(WHAT TO WORK ON) Quote, word for word, only the lines running from the line with "Yoga Calories Burned Calculator" through the end of the listing. Leave out the pictures.

(SOURCE MATERIAL)
==*==

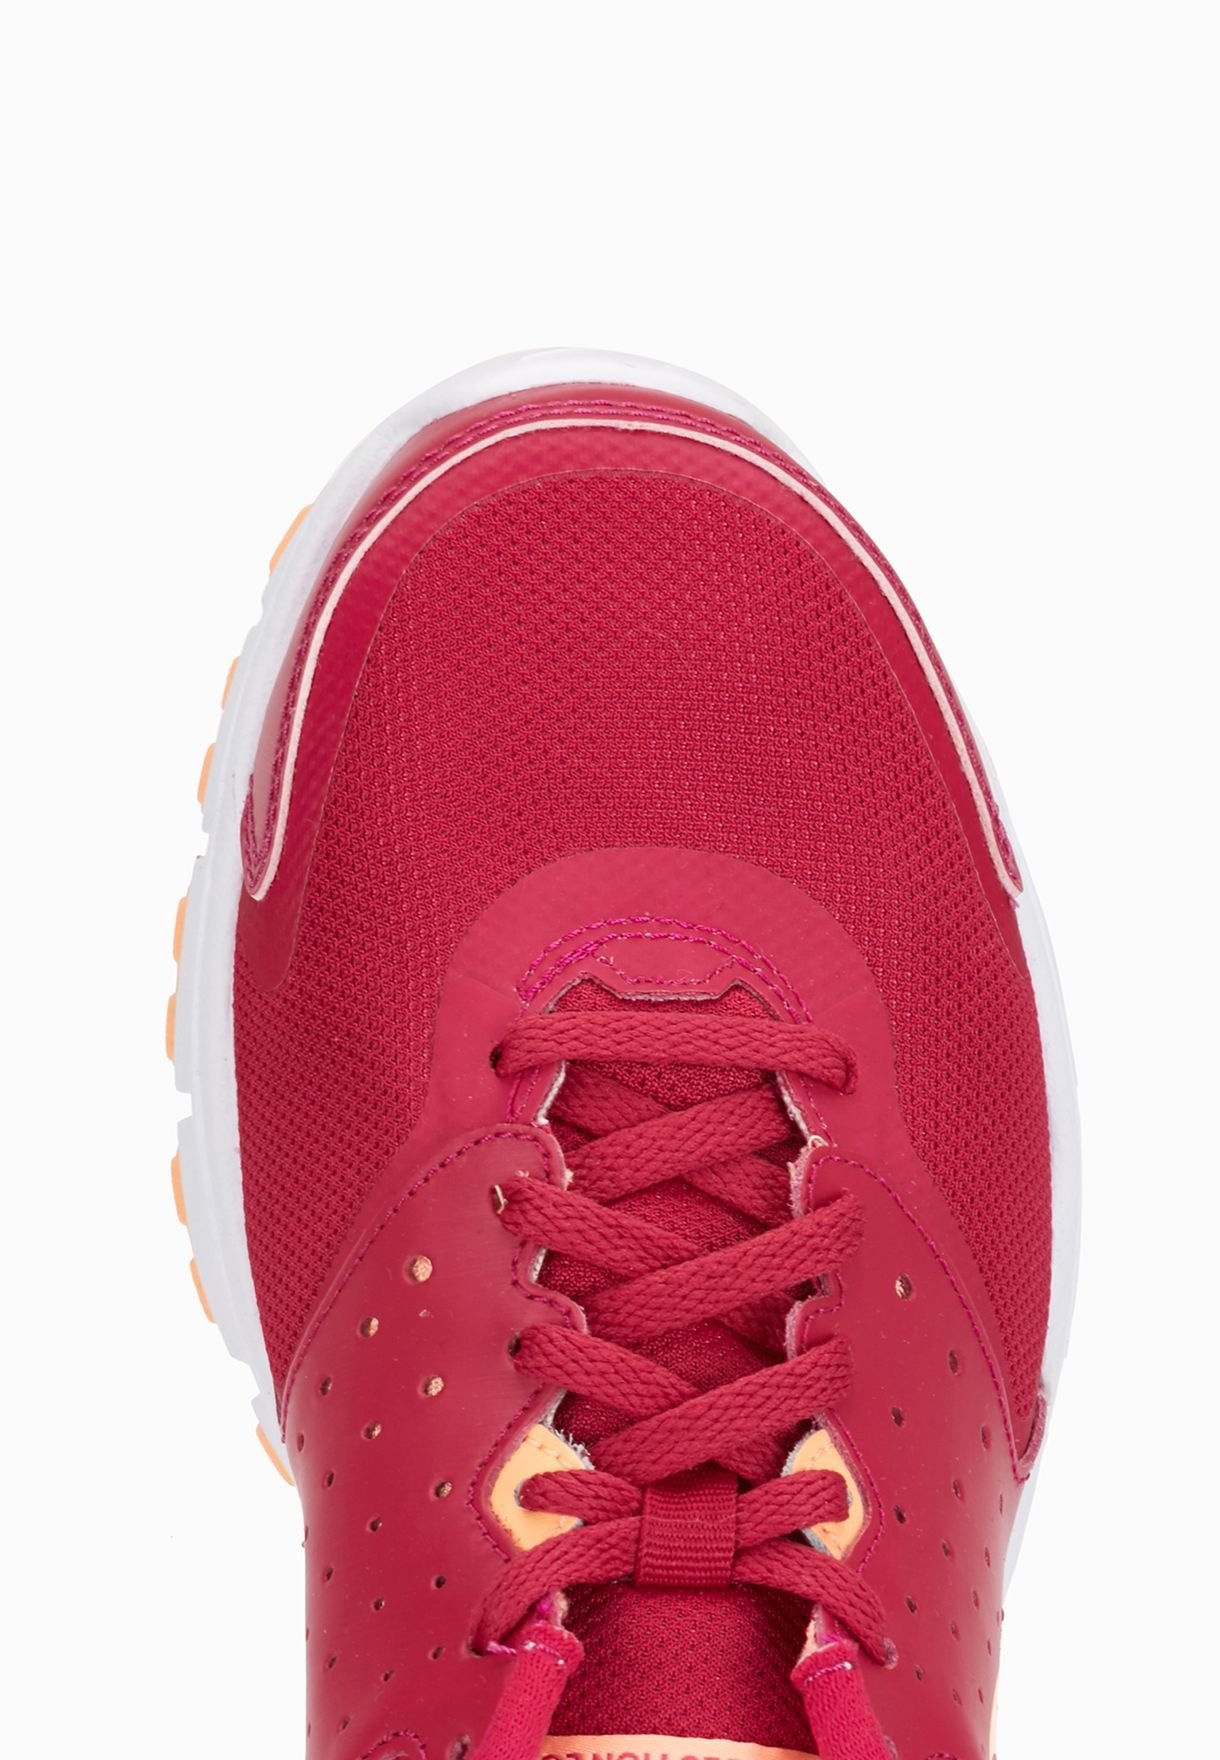 Bežecká obuv Nike Revolution EU -3631210 - korálová
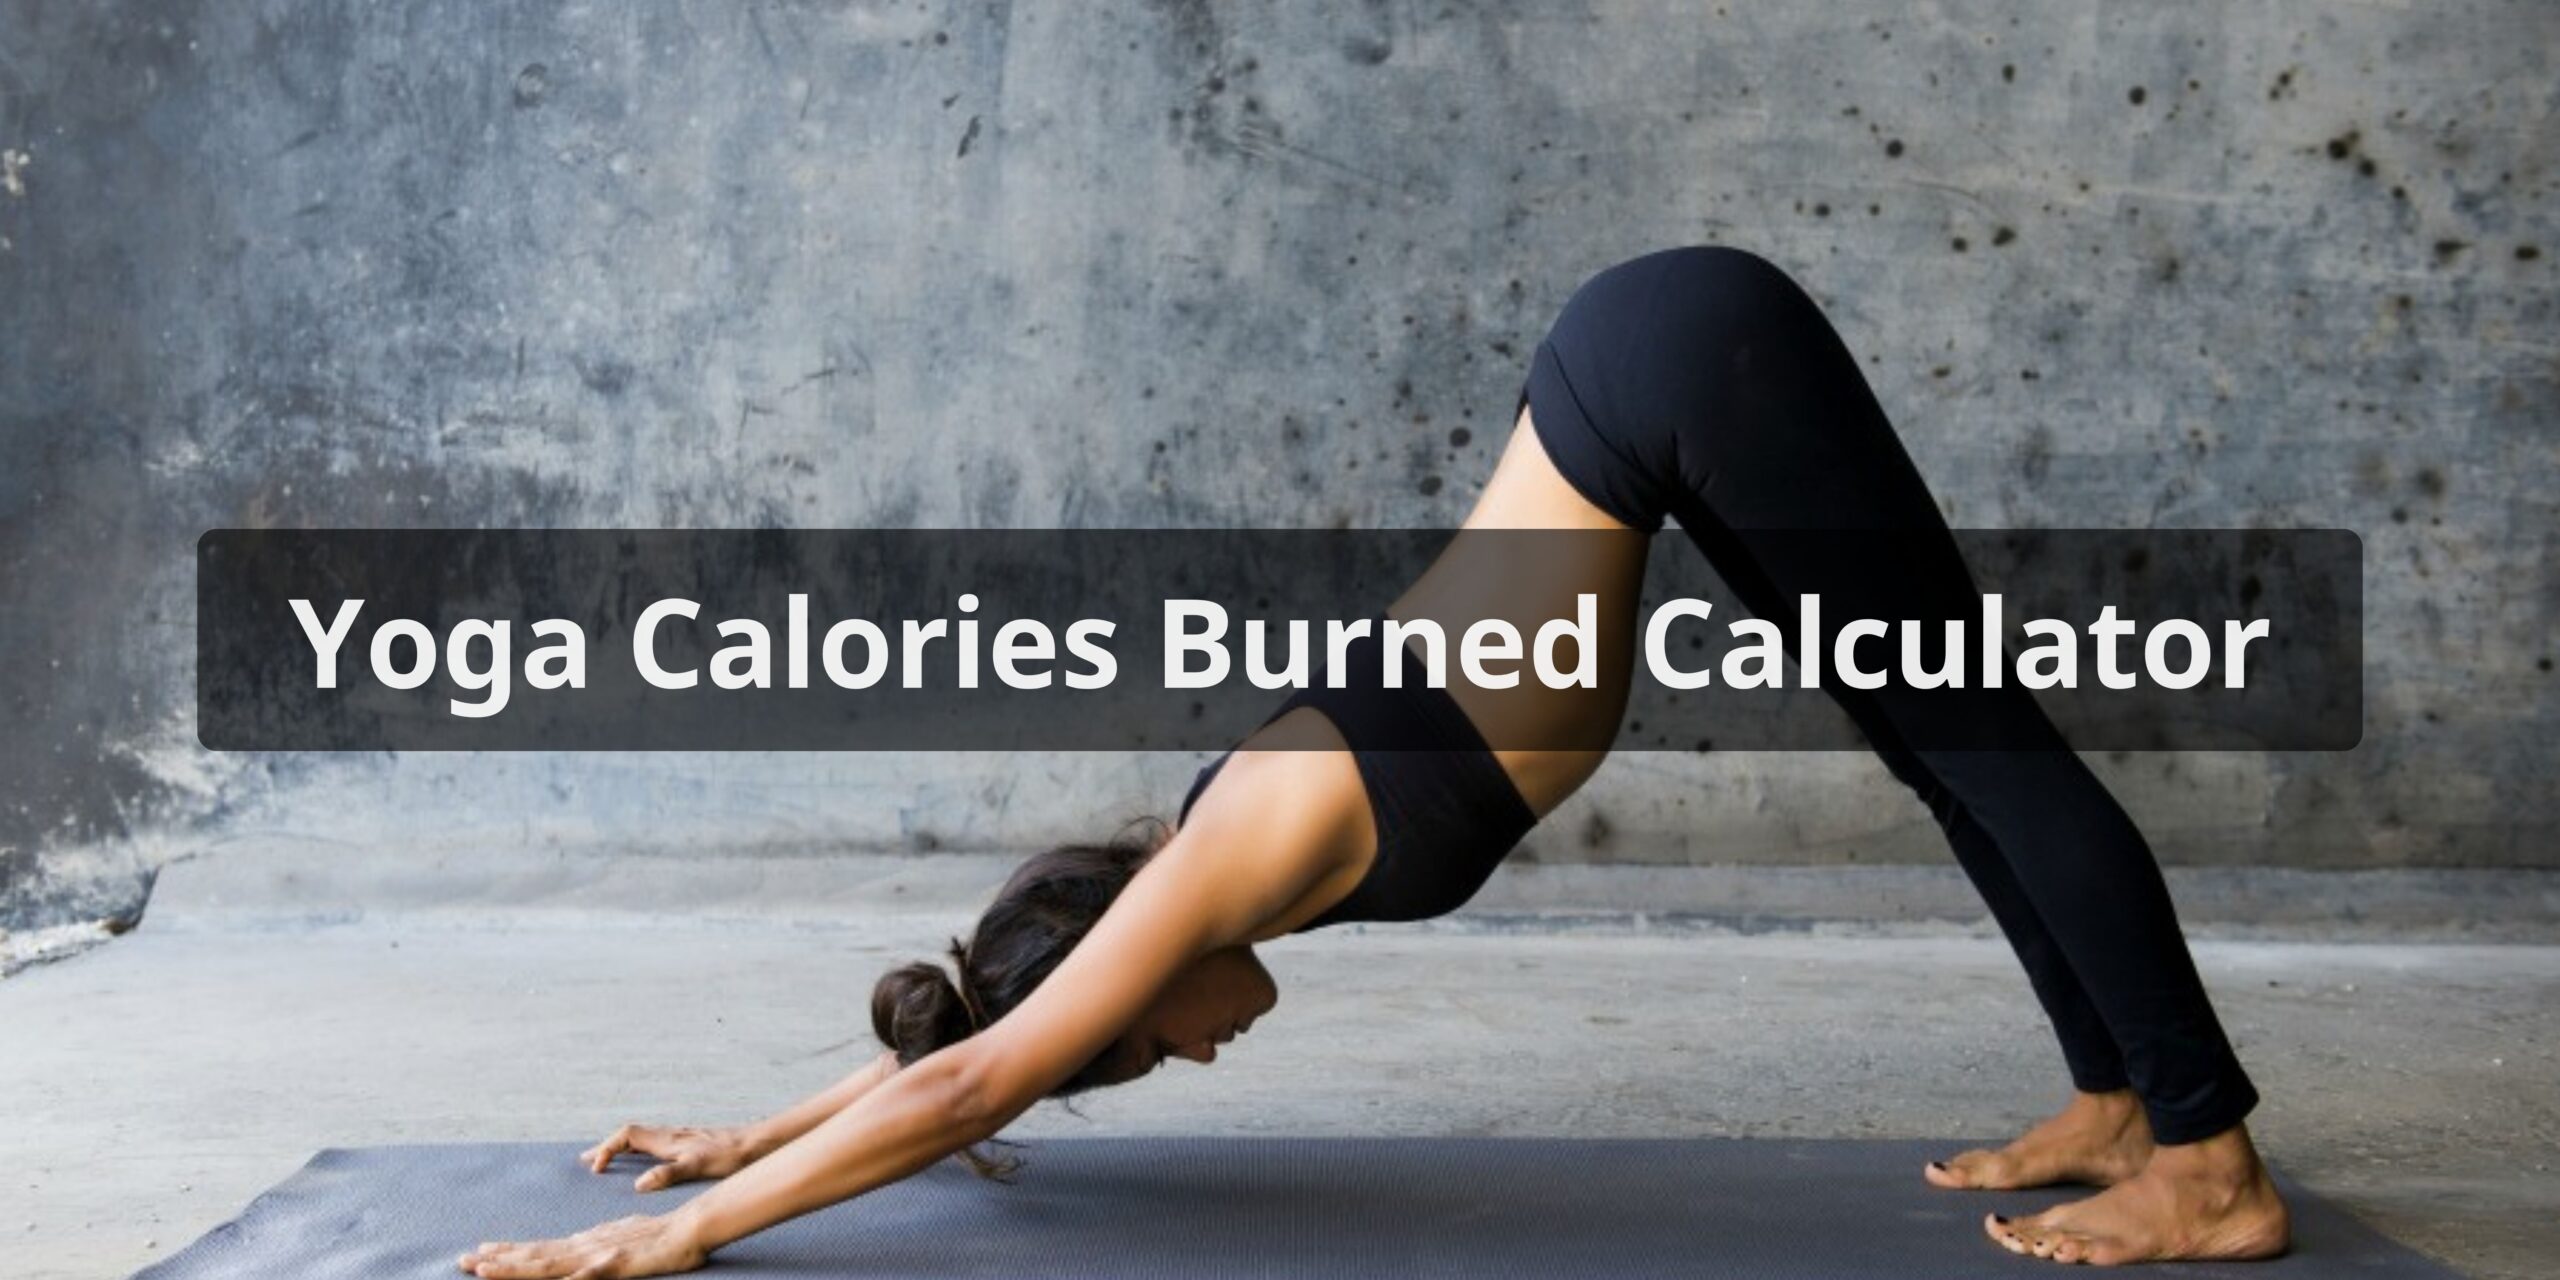 Yoga Calories Burned Calculator
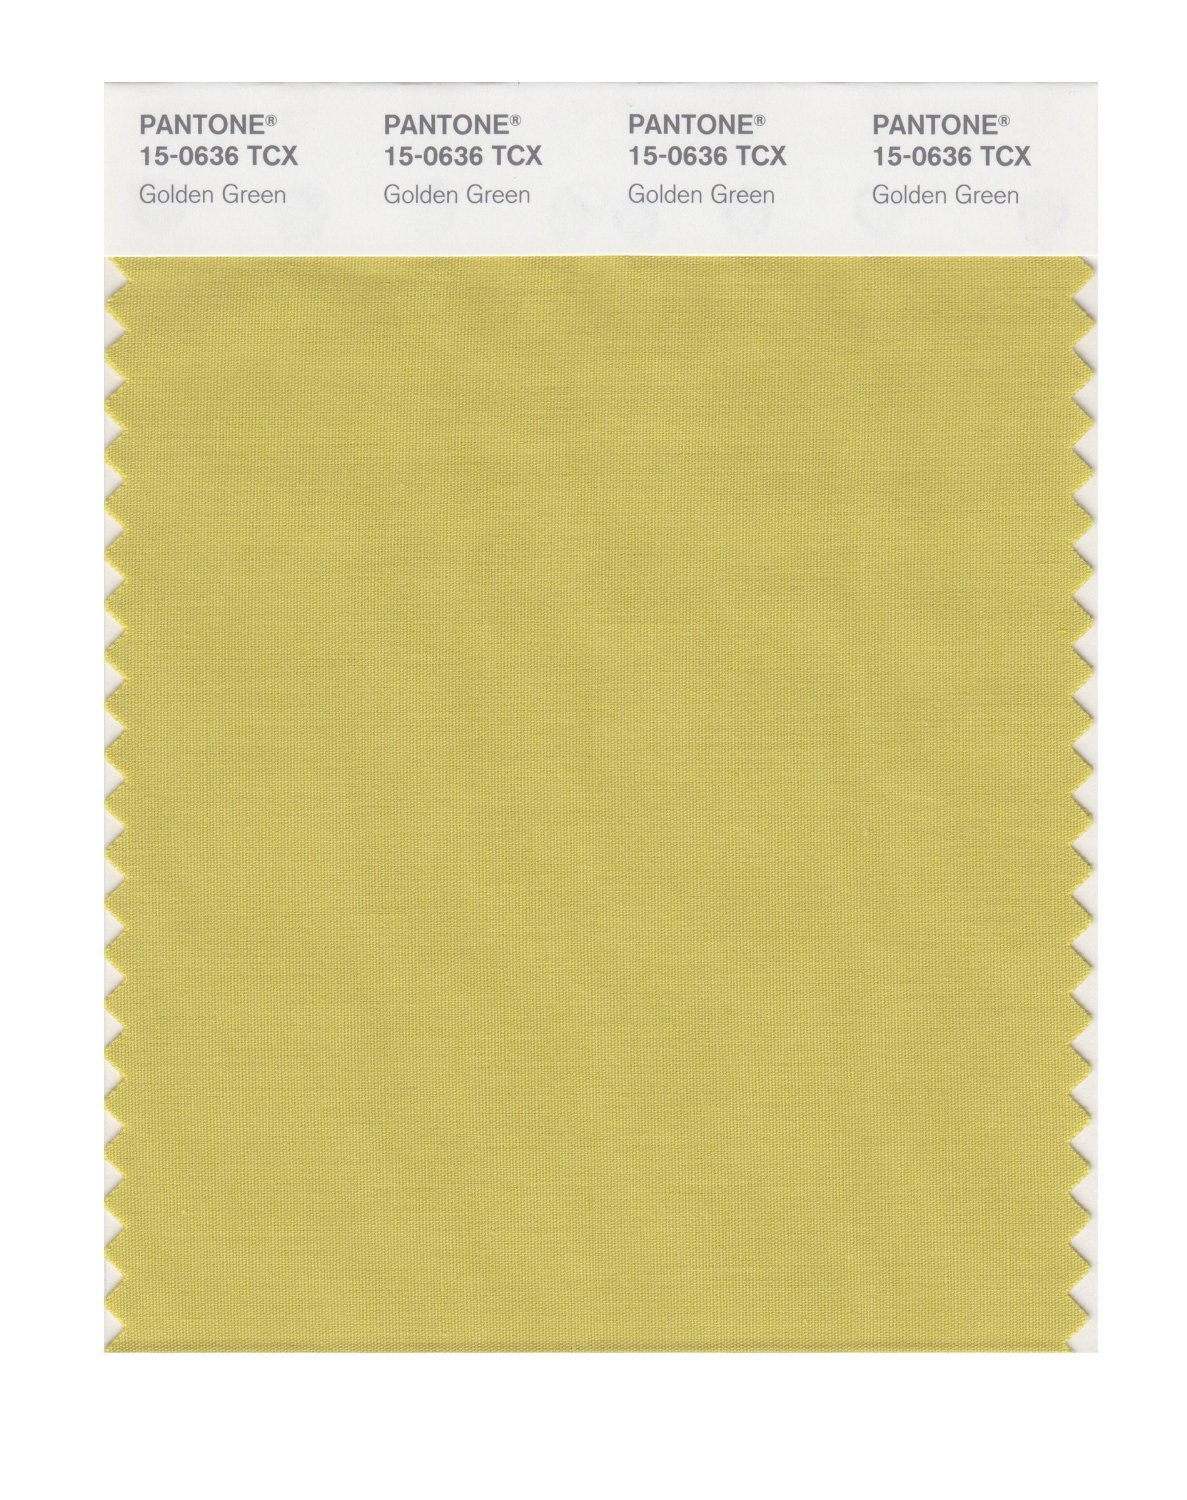 Pantone Cotton Swatch 15-0636 Golden Green
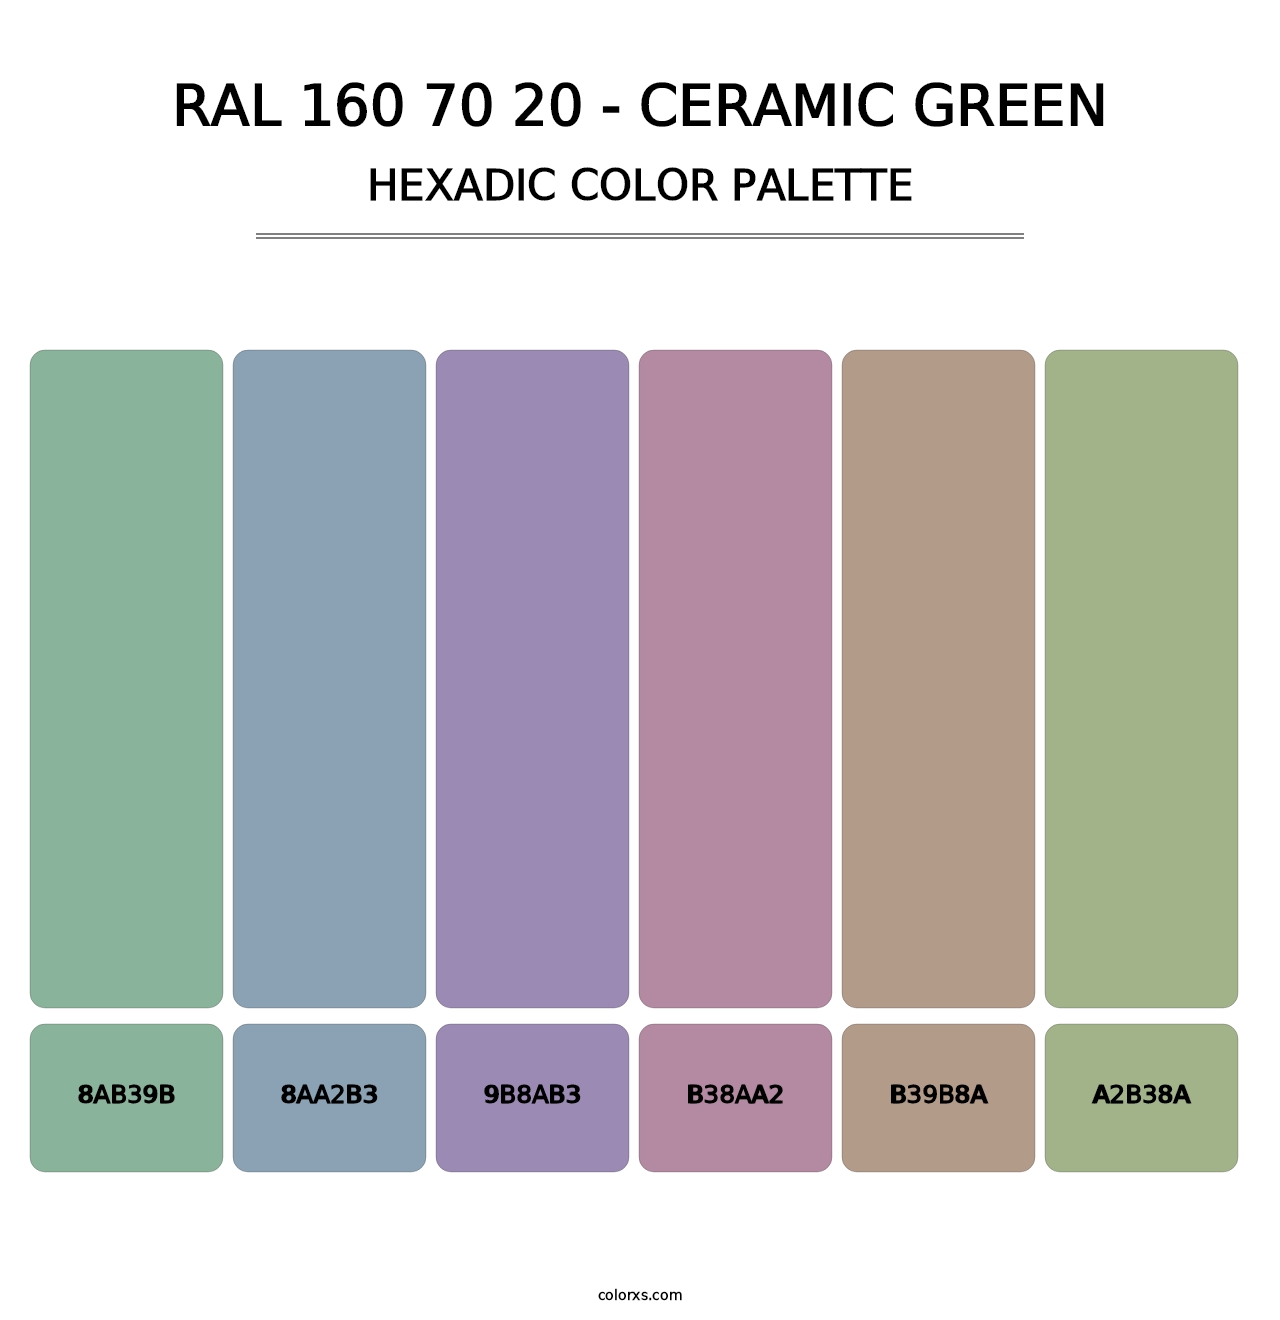 RAL 160 70 20 - Ceramic Green - Hexadic Color Palette

==*==

(ANSWER SPACE)
 Yoga Calories Burned Calculator
 Pantone Cotton Swatch 15-0636 Golden Green
 RAL 160 70 20 - Ceramic Green - Hexadic Color Palette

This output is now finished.